Now, I could copy & paste my_convert N times, but N is sometimes in the hundreds, and the number of files depends on some configuration... so I'd really like to have a dynamic rule of sorts where I can pass in 'N' from command-line and my_convert gets called for all ids in 0..N range.
What's the best way of doing this within Bazel? Is there some way to describe rules in a for loop? (I'll fall back to writing a script to generate a BUILD file with all the rules, but I'm hoping that I don't have to do that)

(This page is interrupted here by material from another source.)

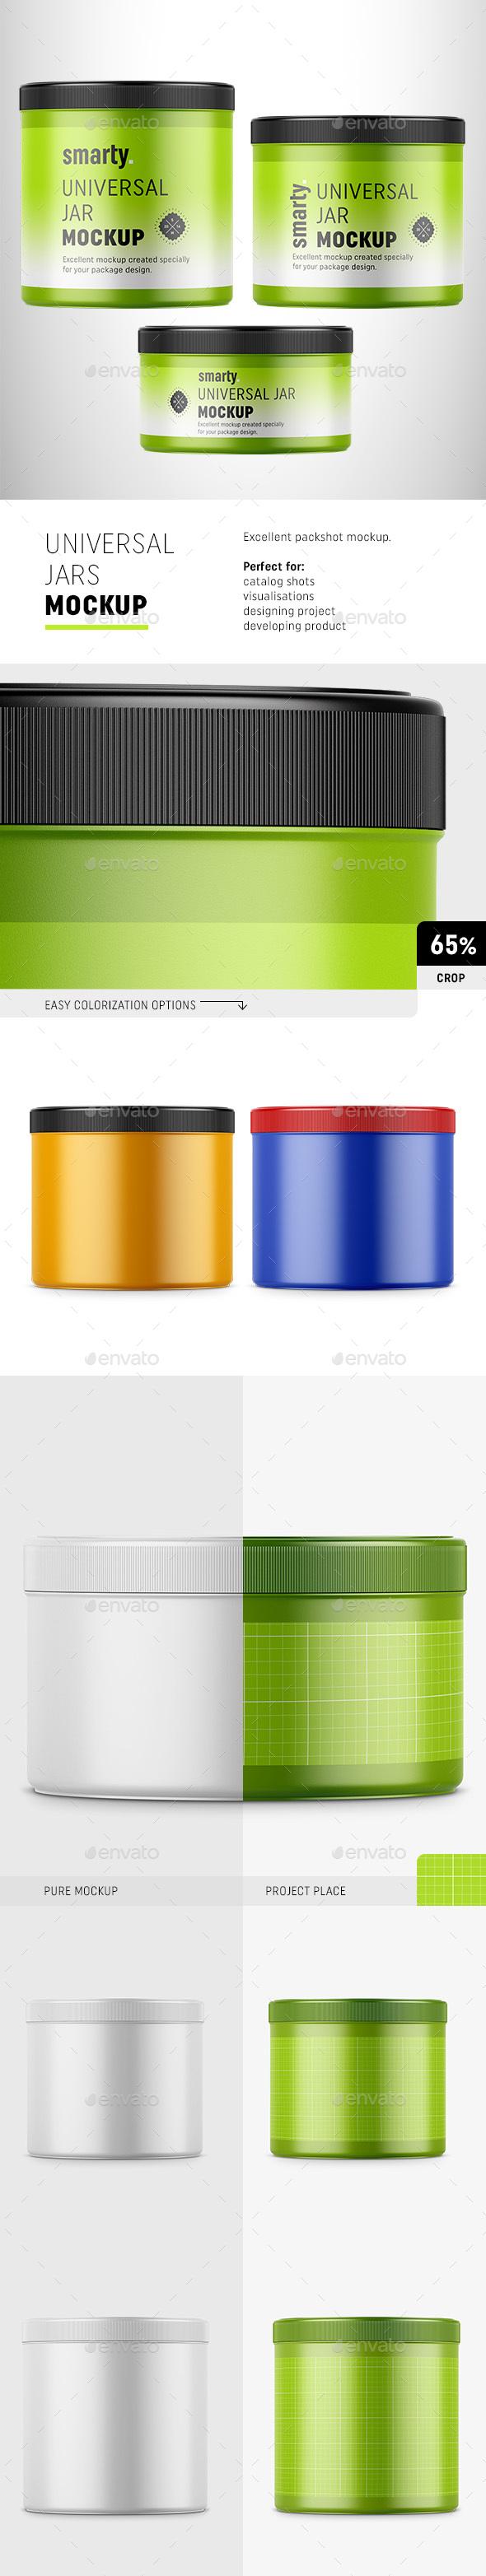 Plastic Jars Mockup - Miscellaneous Packaging
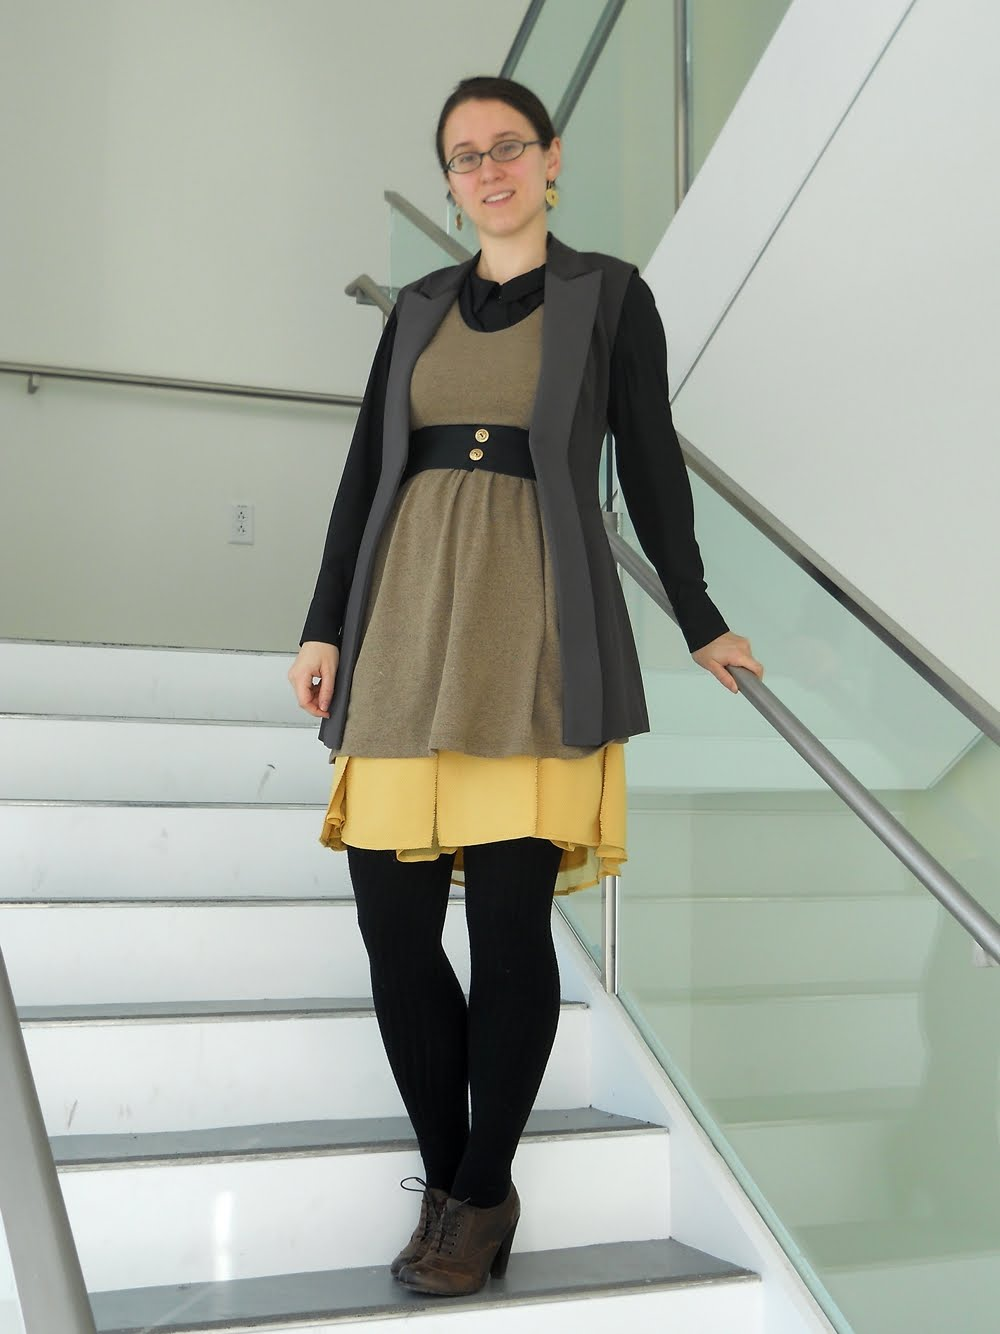 feminine mens clothing - photo #39

Does it need to be from some configuration? Or can it be something like "all the files in a directory"? Because then you could do something like this:
my_convert(
name = "converstions",
srcs = glob(["some/path/to/src*"]),
)
def _my_convert_impl(ctx):
outputs = []
for src in ctx.files.srcs:
output = ctx.actions.declare_file(src.basename + ".out")
outputs.append(output)
ctx.actions.run_shell(
inputs = [src],
outputs = [output],
command = "wc -l '%s' > '%s'" % (src.path, output.path),
mnemonic = "Convert",
progress_message = "Convert %{input}",
)
return [DefaultInfo(files = depset(outputs))]
my_convert = rule(
implementation = _my_convert_impl,
attrs = {
"srcs": attr.label_list(allow_files = True),
},
)
Then bazel build //package:conversions.
If it can't be based on a directory, another approach is to generate targets for each of the files, and then explicitly build the subset you want. Something like this:
generate_my_conversions(glob(["some/path/to/src*"]))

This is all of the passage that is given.